Thursday, July 28, 2011



I spent some quality time with this little guy today. He's giving me the stink eye because he knows I'm up to no good. Actually, it's a sleepy stink eye because he was pretty much knocked out at this point. I got to play the dual role of mouse anesthesiologist and surgeon, and, well, I have room for improvement. The good news for me is that I isolated the right femoral artery and the muscular side branch. The bad news for me is that I was unable to induce the wire to produce neointimal hyperplasia secondary to vessel injury. Everything was so small! The good news for him is that he was back running around with his mouse buddies by the end of the afternoon. The bad news for him is that he also has a left leg.

And apropos of nothing (but really, absolutely something), I think the one on the left is Pinky.

Wednesday, July 27, 2011

Before this past week, Adele was the British singer of the moment, with "Rolling in the Deep" being played on every station, (briefly) on my iPhone, and remixed into a bass/tub-thumping club beat at 3 in the morning (or so I heard). Personally, I found her a tad squeaky, but that's neither here nor there. Then Amy died.

I am not a music geek. I wouldn't even know how to begin to connois any melodic seurs. The little indie cred in my iTunes library came by way of Rhea's philanthropy half a decade ago. Still, even I could tell the broad could sing.

I don't know her story that well, partly things picked up here and there in the gossip rags, but mostly from what she told me. She had a problem with drugs and alcohol. No, that's not quite right. She had a difficult relationship with drugs and alcohol. And love.

Most of her live performances had stretches of looseness and/or disregard for cleanliness that was probably due to a combination of her demons and talents and a innate funk/funk. They make me wince, then not-quite-smile, and want to watch/listen to more. She died a hundred times, then she faded, as always, to black.

Tuesday, July 05, 2011

I overheard a conversation at church on Sunday. One fellow was talking to another about his job status.

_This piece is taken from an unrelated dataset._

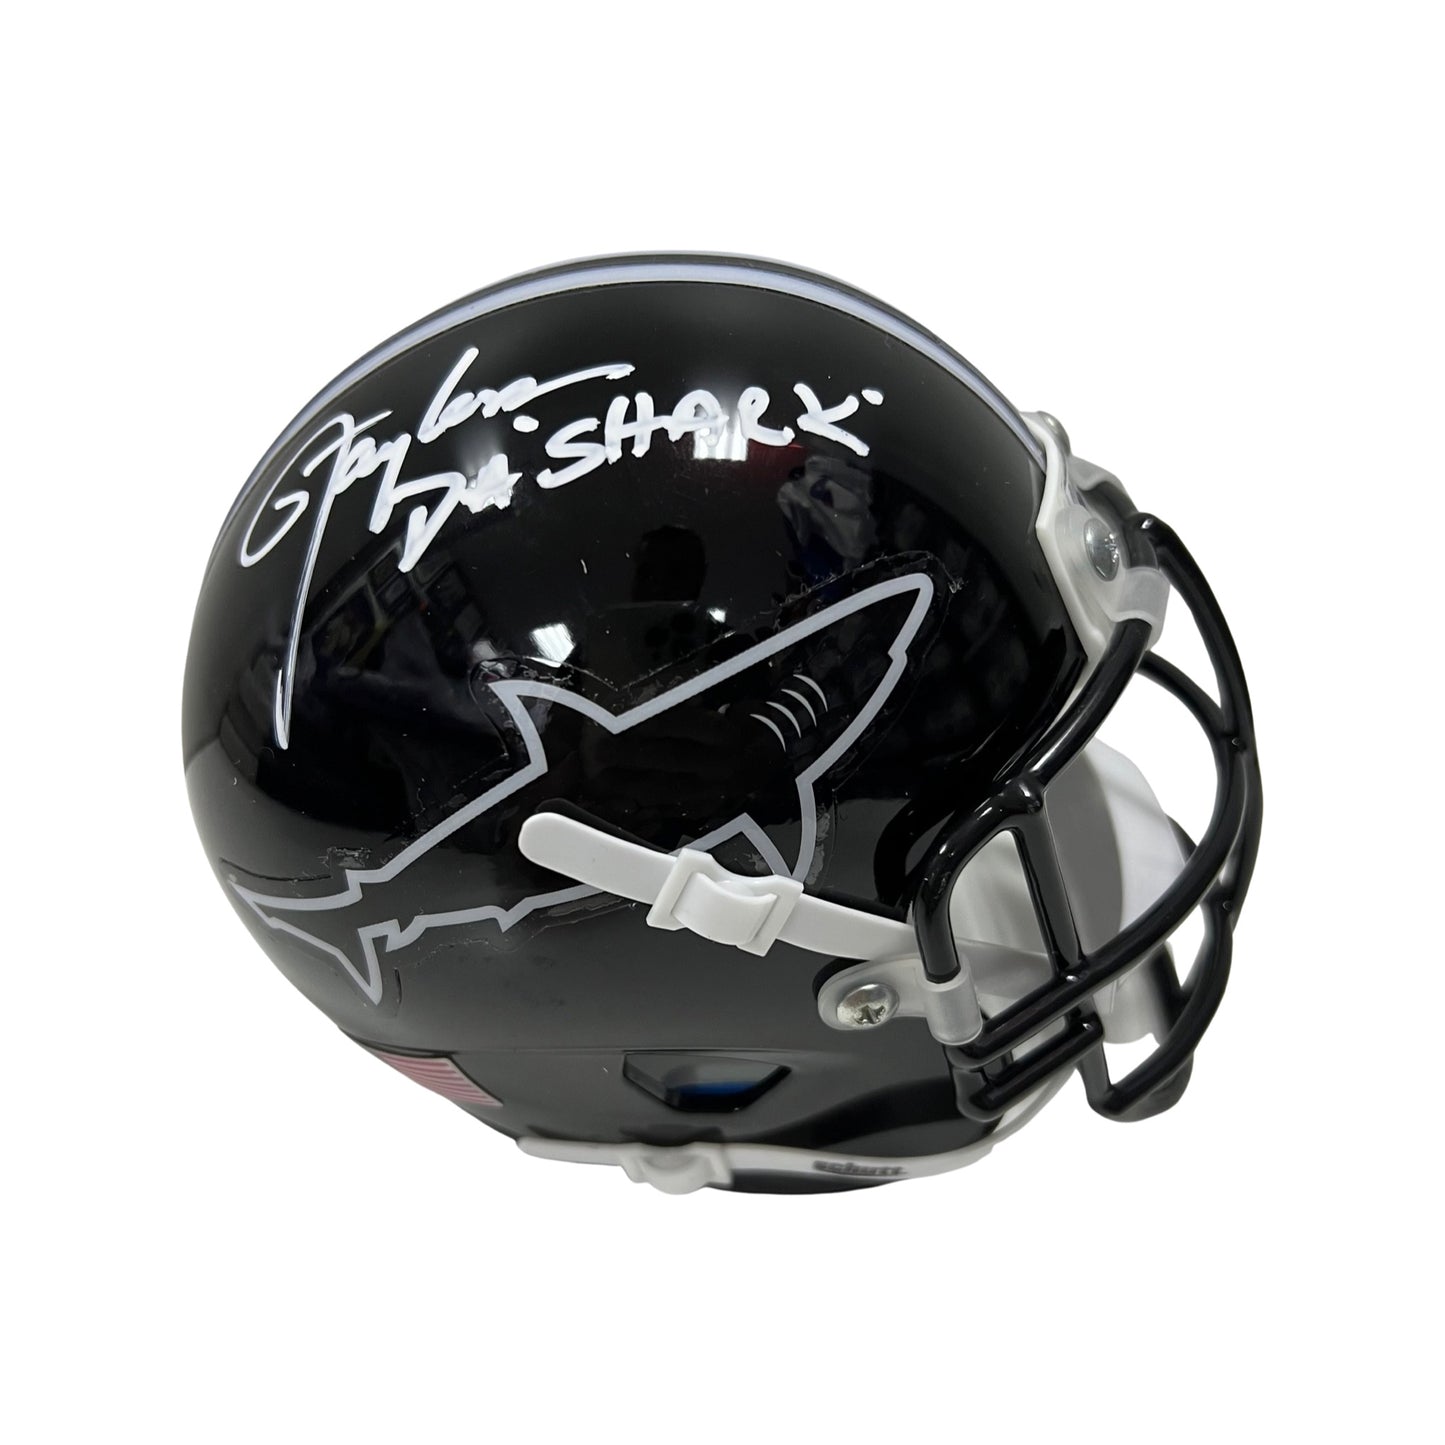 Lawrence Taylor Autographed Any Given Sunday Sharks Mini Helmet “Sharks” Inscription JSA

Another: So, are you happy about your new job?

One: Oh, you know, it's just a job.

A: Yeah, I guess so.

O: Don't get me wrong, I'm happy to be getting a paycheck. Ha, ha!

Me: You

He had been looking for a job for months, and we'd talked casually here and there during that time about how tough the job market was, and about interviews that just didn't pan out, and finally about this potential opportunity where the first interview went just great and they were going to bring him back for the second interview but they had to push it back a week which hopefully wasn't ominous as long as the first interviewer had said some good things about him and I said I hoped that it would work out. That God would be gracious.

Me: Piece of

I didn't say anything. I pretended not to hear and walked away.

All this to say, I finished Franny and Zooey, the first pleasure read of my research years.

Today was the first day of the next two years, and it was predictably anticlimactic. I got a tour of the lab and went through a number of online orientation modules. I'm sure it'll take some time before I get settled, but I'm in no hurry.